## Exercise instructions
A faithful copy is required: transcribe each line below exactly, minus the pictures.

## Data below
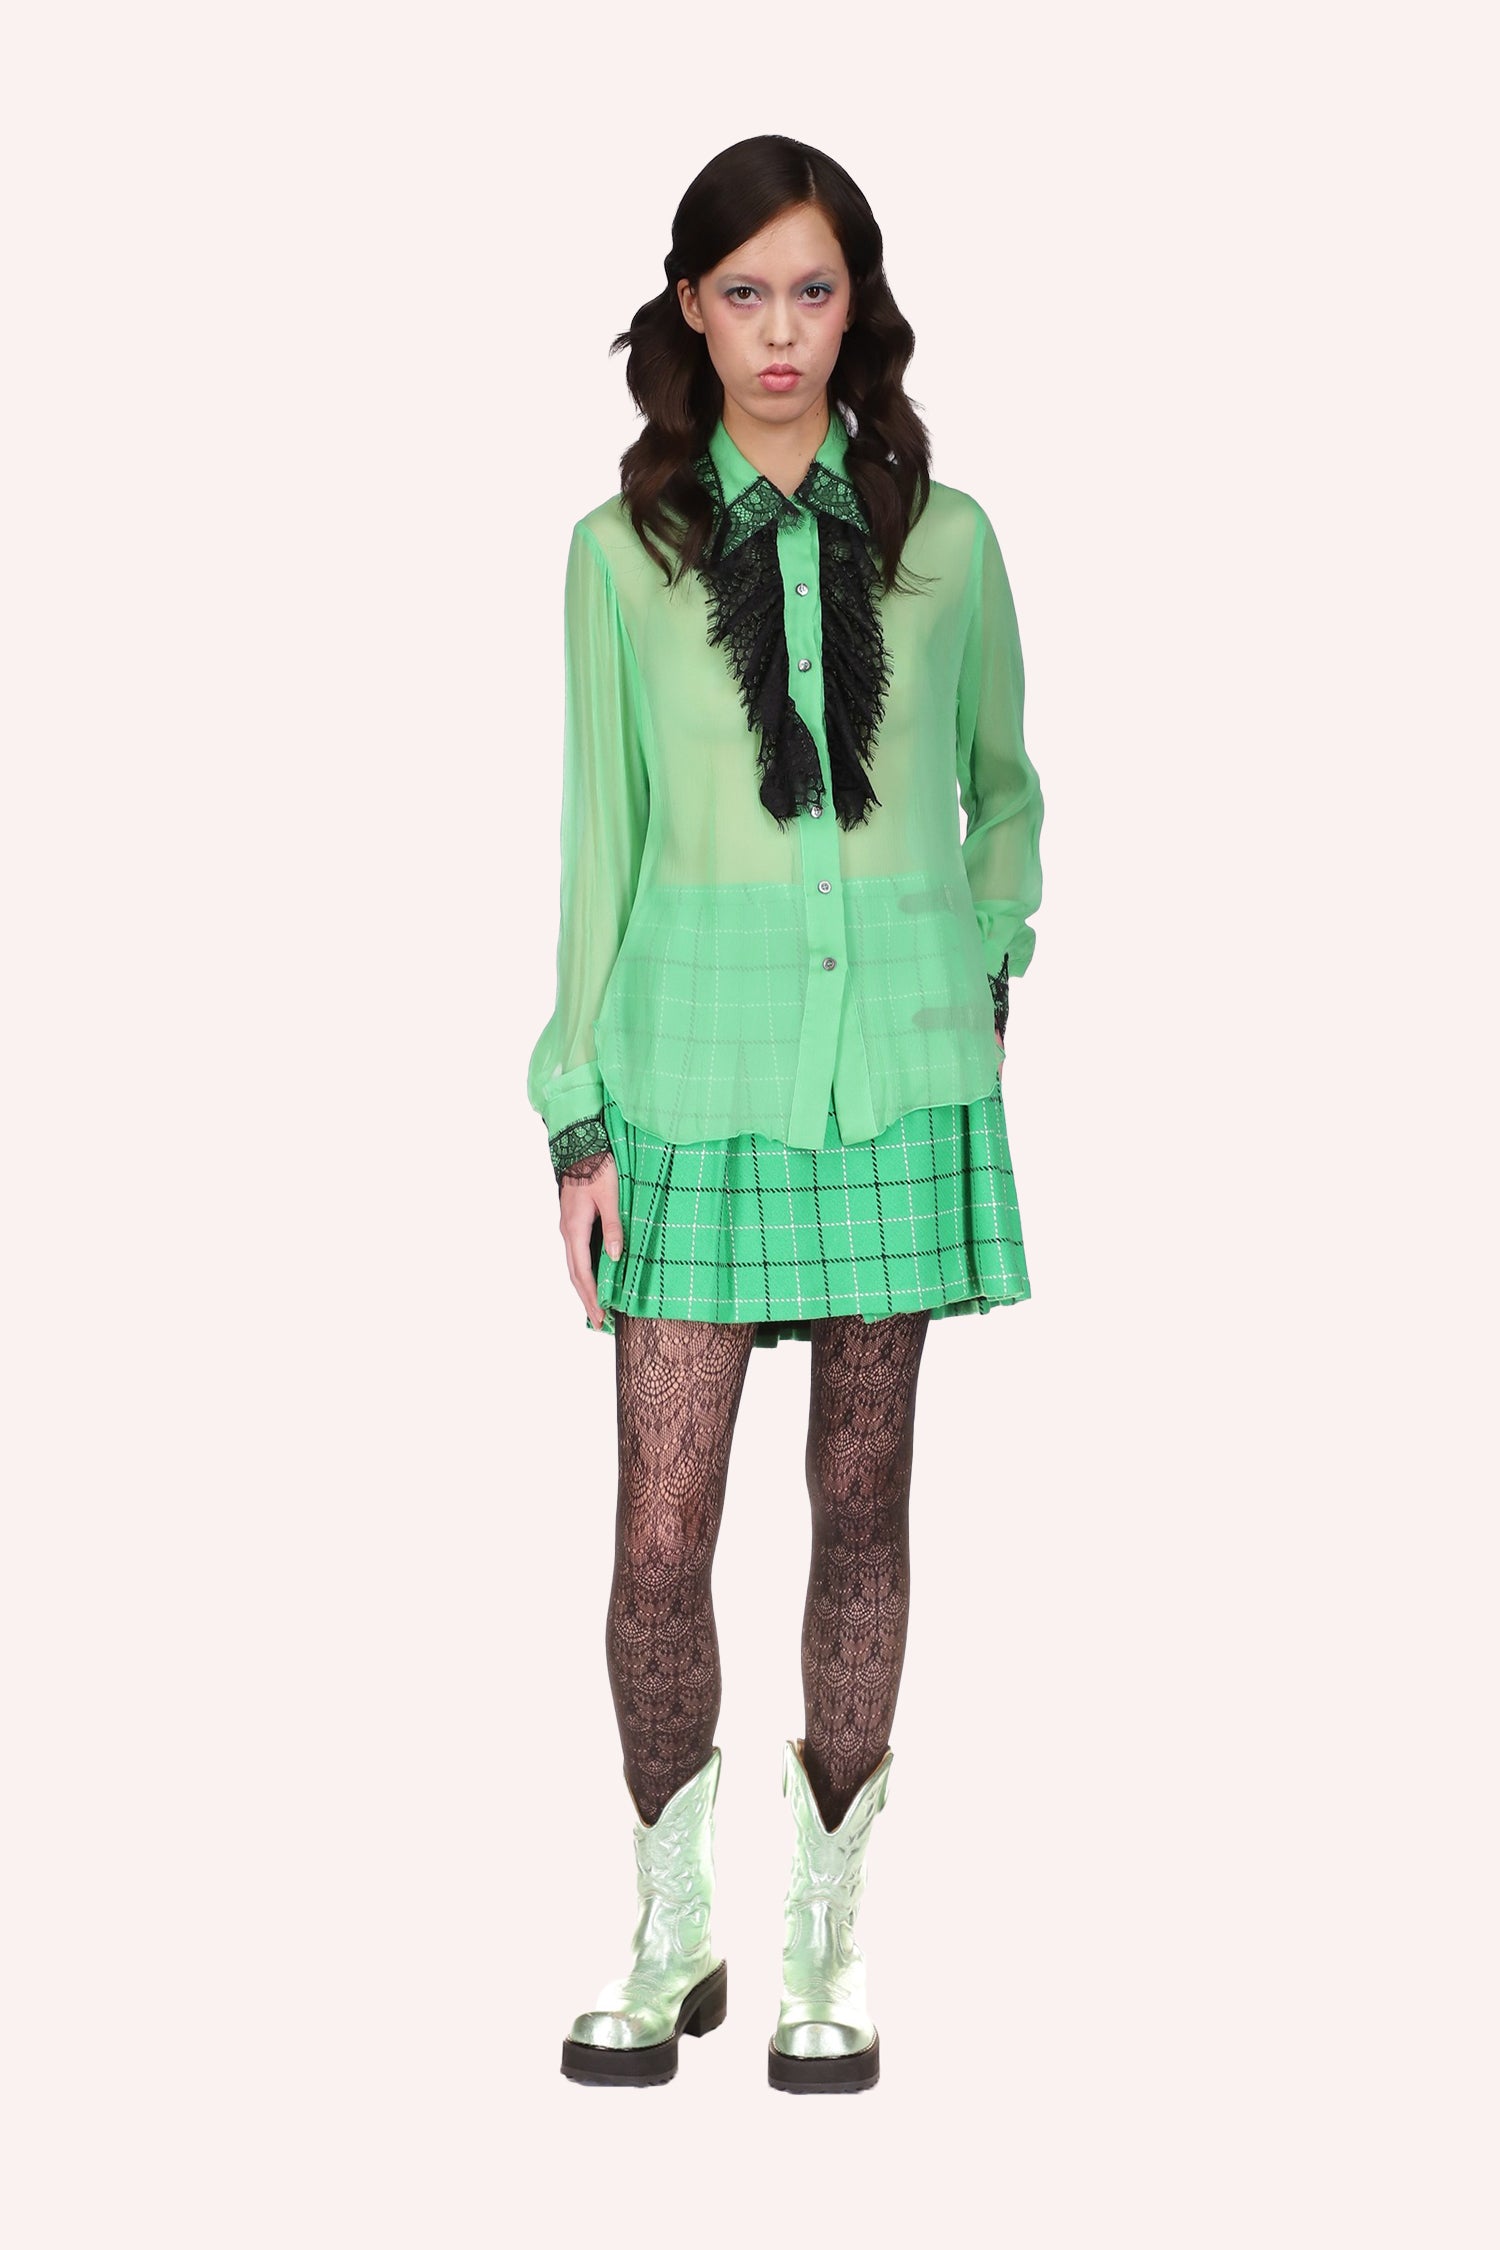 Lingerie Chiffon Ruffle Blouse Peppermint, match with the Anna Sui windowpane skirt and the black boa
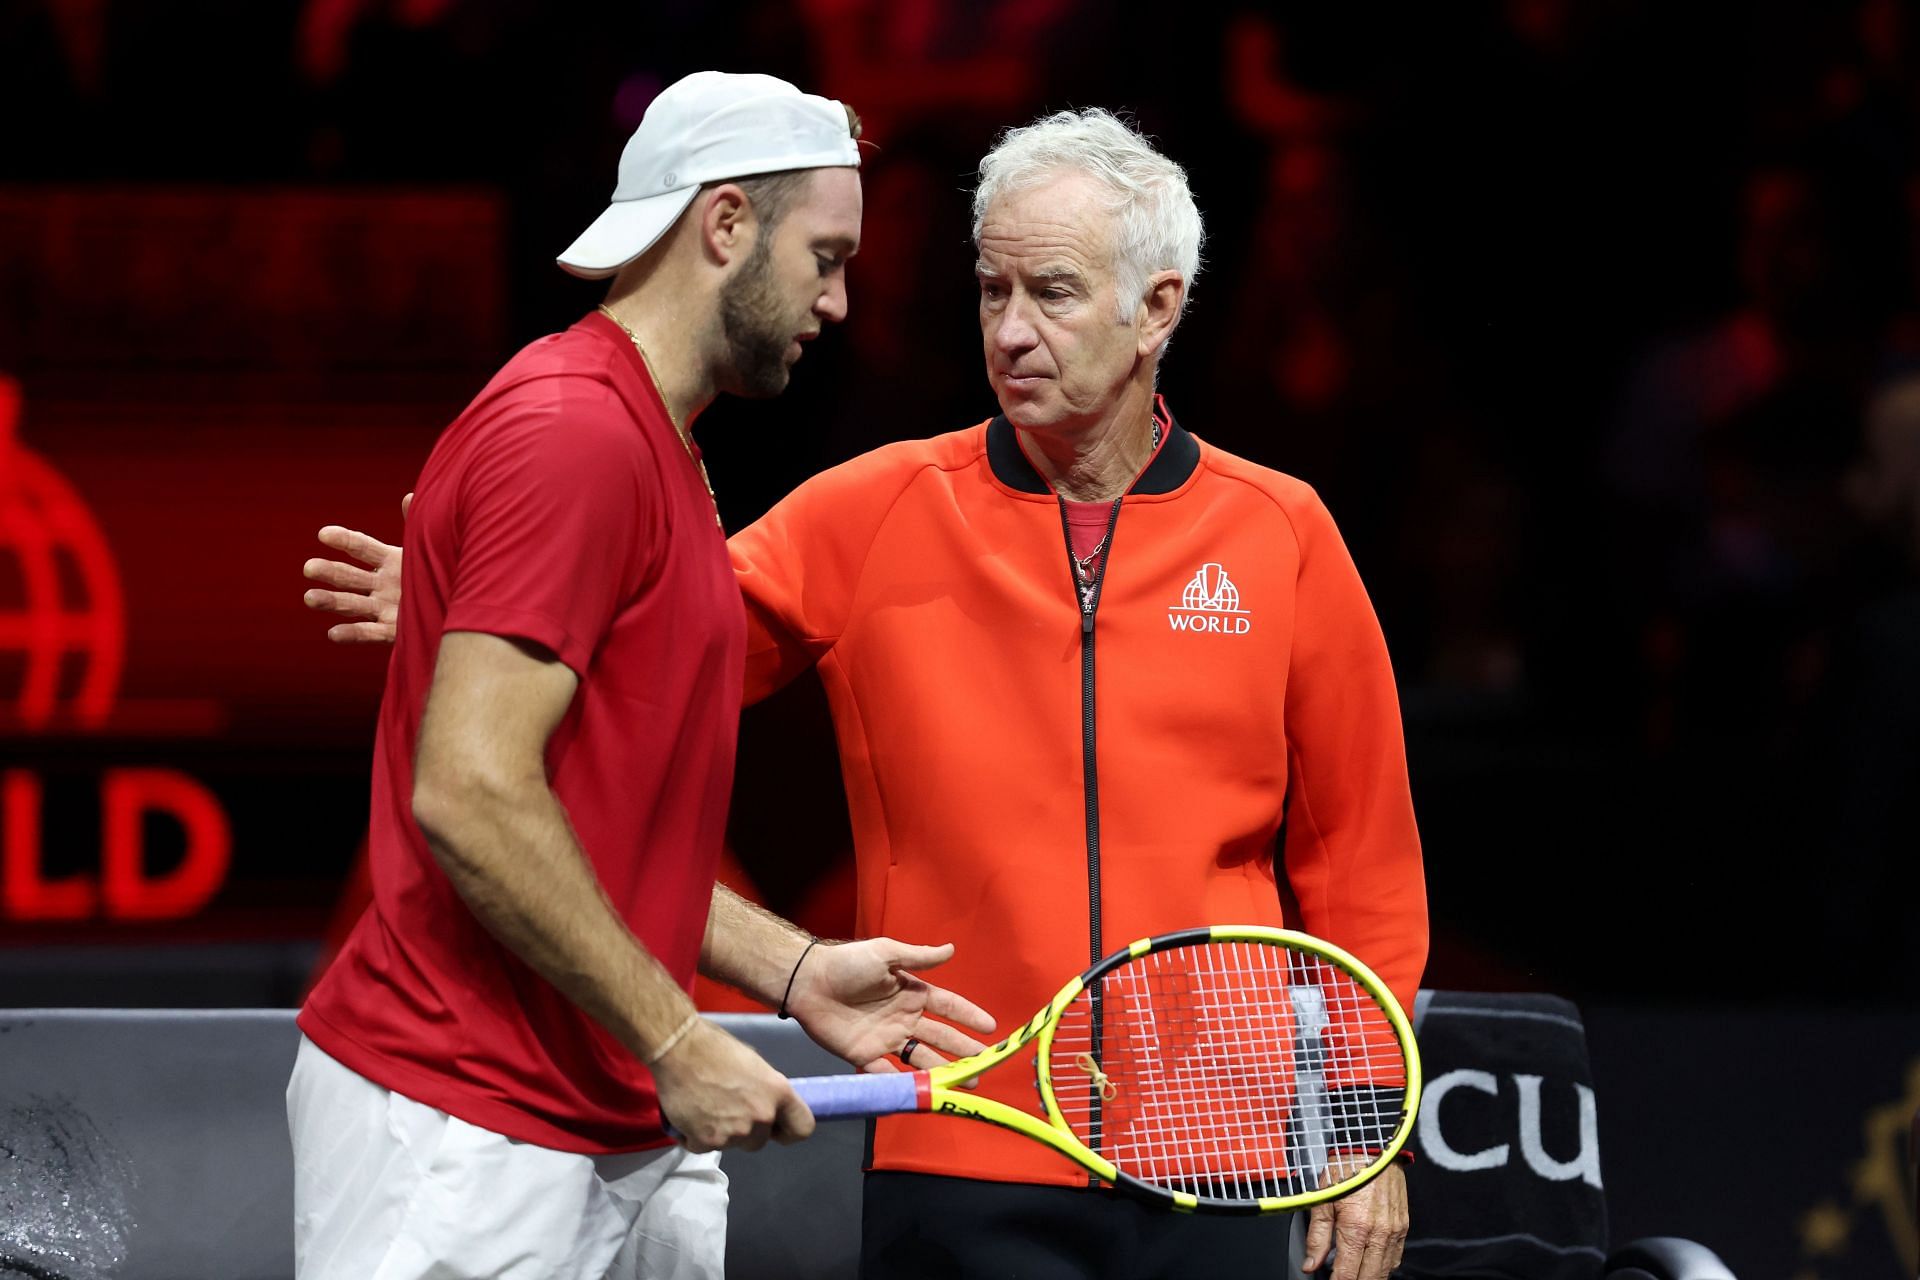 John McEnroe with Jack Sock at the Laver Cup
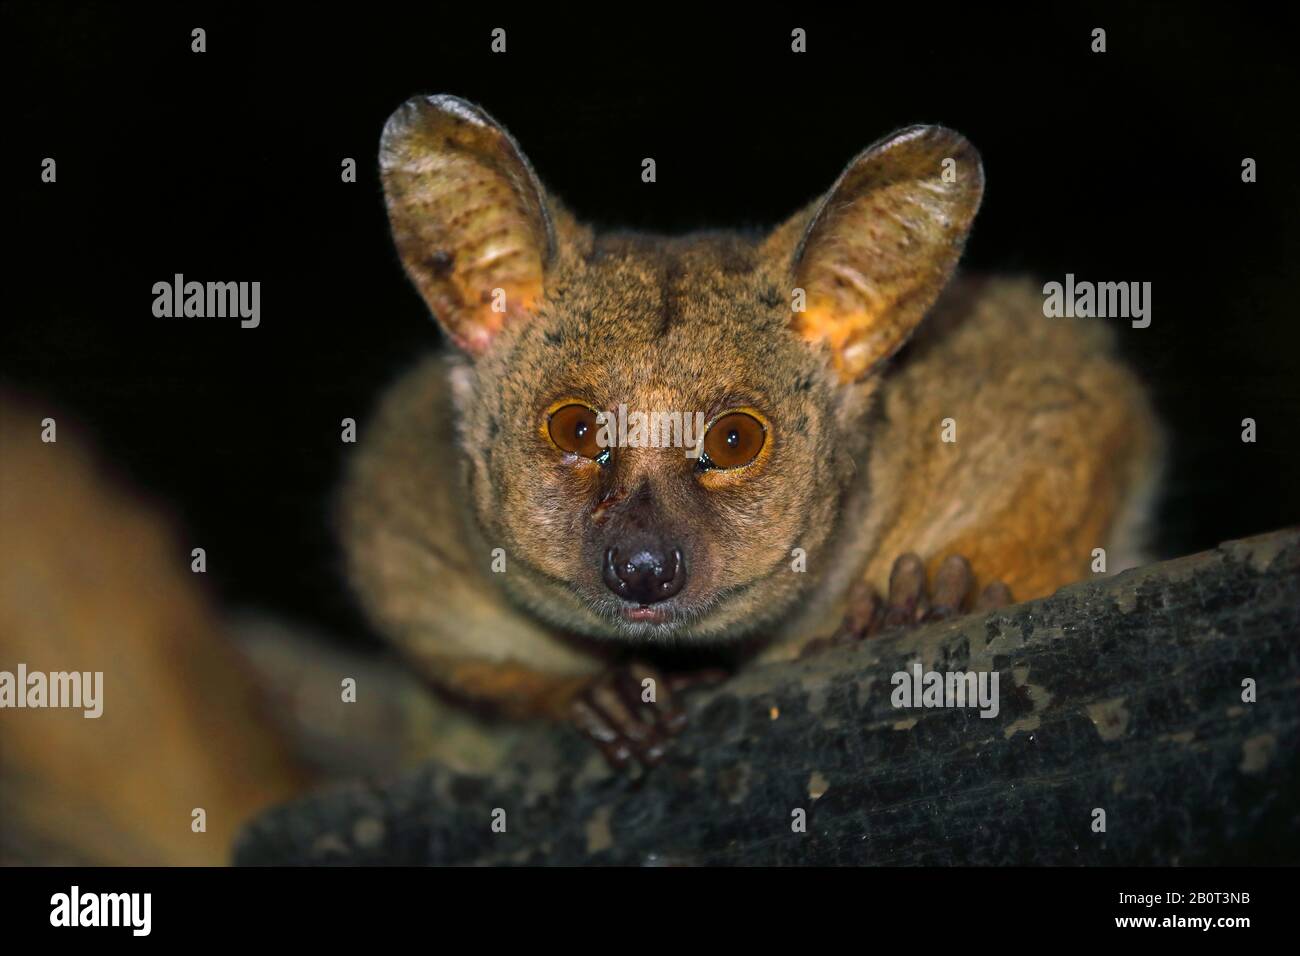 greater bush baby, greater galago, thick-tailed bush baby (Otolemur crassicaudatus, Galago crassicaudatus), portrait in the darkness, front view, South Africa, KwaZulu-Natal, Mkhuze Game Reserve Stock Photo

## Task answer
 Lingerie Chiffon Ruffle Blouse Peppermint, match with the Anna Sui windowpane skirt and the black boa
 John McEnroe with Jack Sock at the Laver Cup
 greater bush baby, greater galago, thick-tailed bush baby (Otolemur crassicaudatus, Galago crassicaudatus), portrait in the darkness, front view, South Africa, KwaZulu-Natal, Mkhuze Game Reserve Stock Photo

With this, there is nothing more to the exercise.